The cover of Manly and Muscular Diversions is decorated with what at first sight looks like photographs of teenage, whites-only chain-gangs, some of whom are actually clad in striped pyjamas. The book celebrates the centuries of flannelled fools, rugger buggers and oikish oarsmen. Is the title intended as a Pythonesque jest? Probably not. Tony Money is billed as the "Archivist" of Radley College, an athletic public school, and his work is dedicated to "all colleagues ... who on pitch, court [and] river have devoted so much time, energy and enthusiasm in the service of physical education and good sportsmanship."

No one can object to good, healthy sportsmen (and, presumably, sportswomen). But one needed to blow the whistle when an oarsman was automatically admitted to the Oxbridge college. I narrowly survived an admissions policy which, according to mythology, involved not an exam paper but a rugby ball chucked at the applicant by the Senior Tutor; if you caught it, you got a place - and a scholarship if you drop-kicked it into the wastepaper basket.

The author mentions that in the first half of this century an Oxbridge Blue could walk into a good job in the Empire. The Anglo-Egyptian Sudan was referred to as "a country of Blacks ruled by Blues." This does not seem to bother him particularly. He might question the justice of the arrangement if he imagined a world in which the cricket boot was on the other foot: Britain as a subservient nation of the Egyptian Empire and the Radley region governed by a Sudanese opening batsman.

Yet Manly and Muscular Diversions is more than an Old Boys magazine writ large. It traces the teachers' attitude to sport over the centuries, from veto to reluctant acceptance, to adoption as a crucial part of the curriculum. It delves back into the dim past when the world had to muddle along without the leadership of the public schools. A statute of Henry V inflicted a swingeing fourpenny fine on anyone playing footer instead of practising the archery skills, which would - a moot point, I should have thought - inflict more damage on the hostile French.

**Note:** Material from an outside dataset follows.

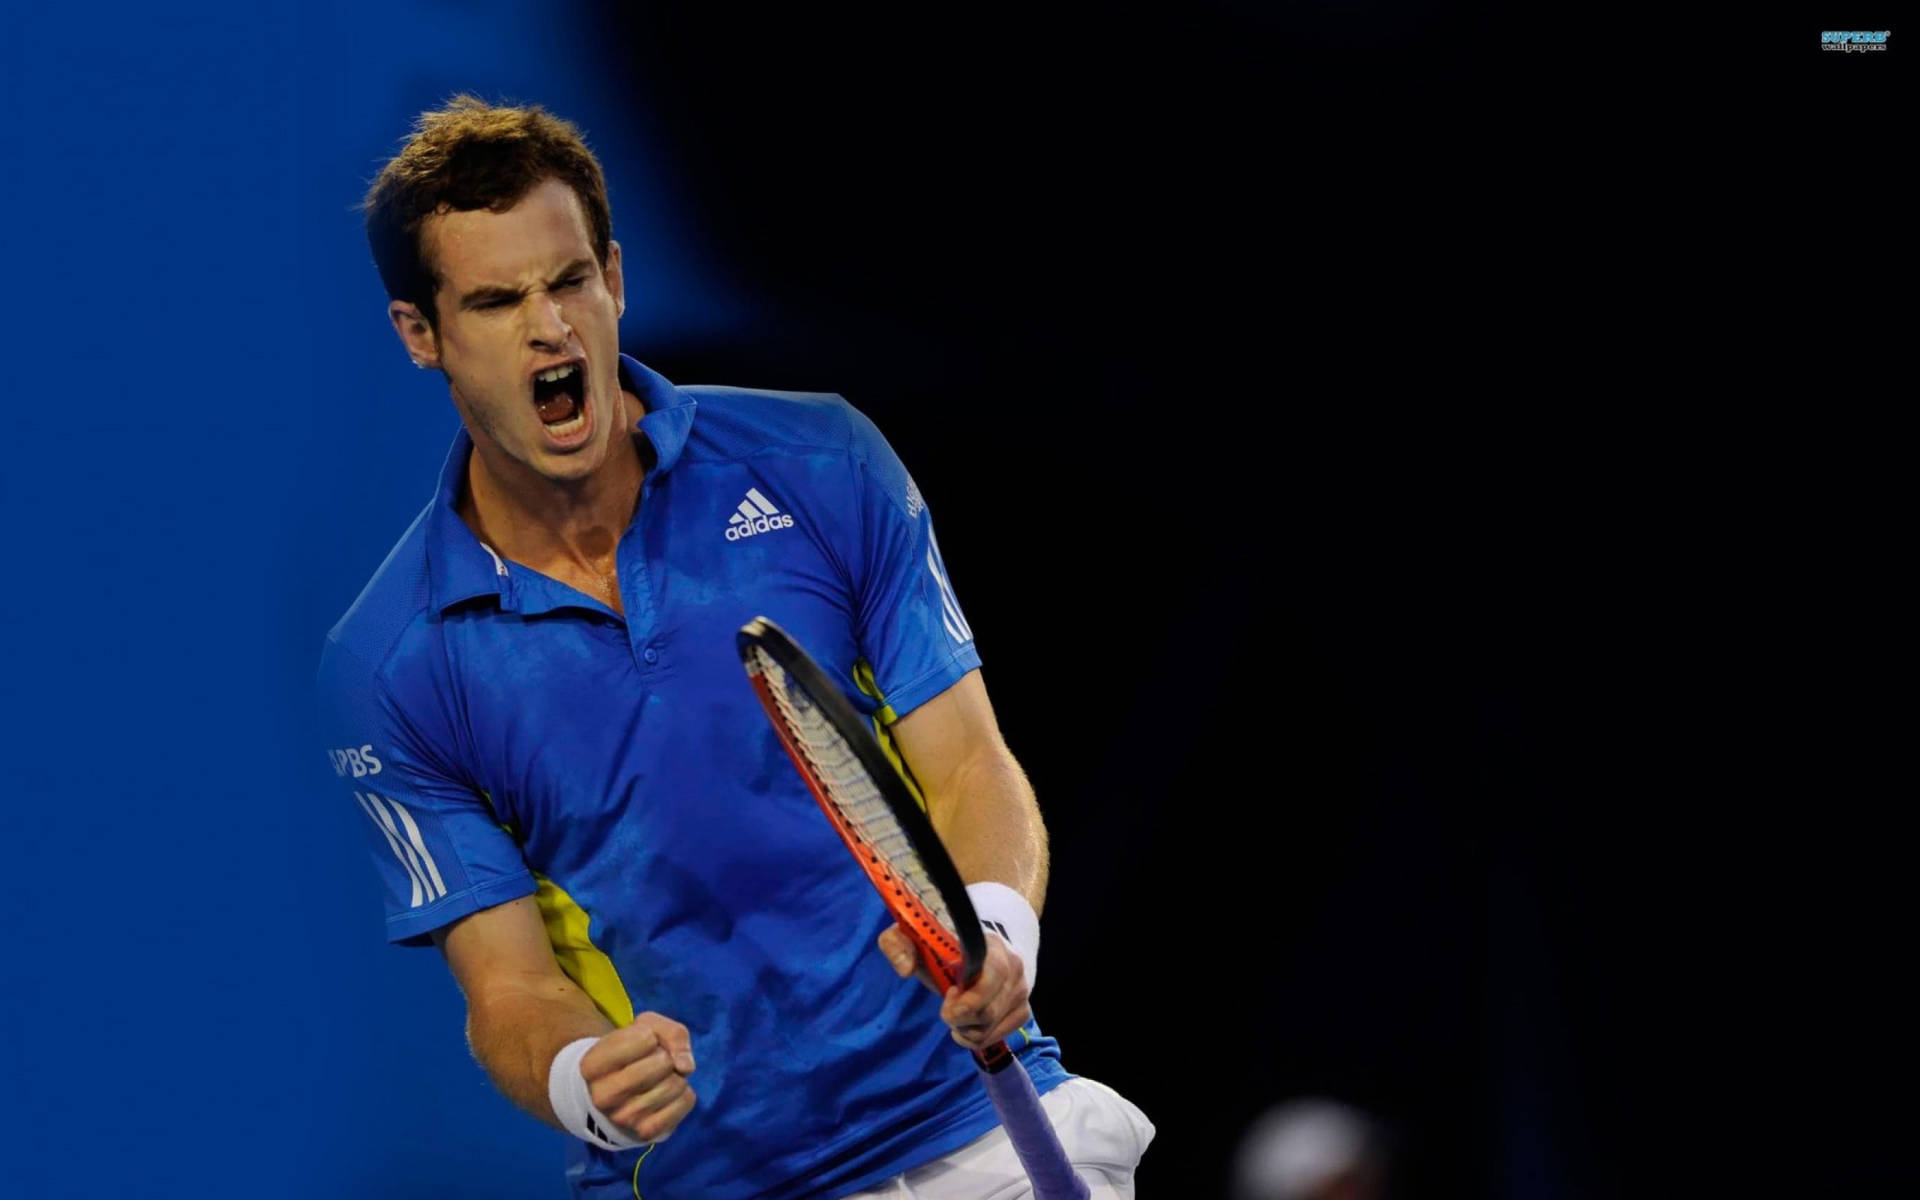 Andy Murray On The Move In A Challenging Tennis Match. Wallpaper

There is some interesting raw material here. Unfortunately Mr Money has dribbled around with it, his scrum has collapsed and the ball has trickled into touch. What the subject now needs is an author who can pick up his fascinating research and charge across the line. Preferably someone who gets out of bounds more and is aware of the world that lies beyond the beaks' common room. For a start, the passages quoted here would gain from severe pruning. Some amount to little more than "Eton rowed manfully", writ long. The illustrations, though, have a charm of their own. My favourite shows an Eton-Radley match in a sport which, since no teams are actually visible, can only be guessed at. The line drawing shows merely the spectators. These reveal, by their wild enthusiasm, that someone must be in some sort of pain.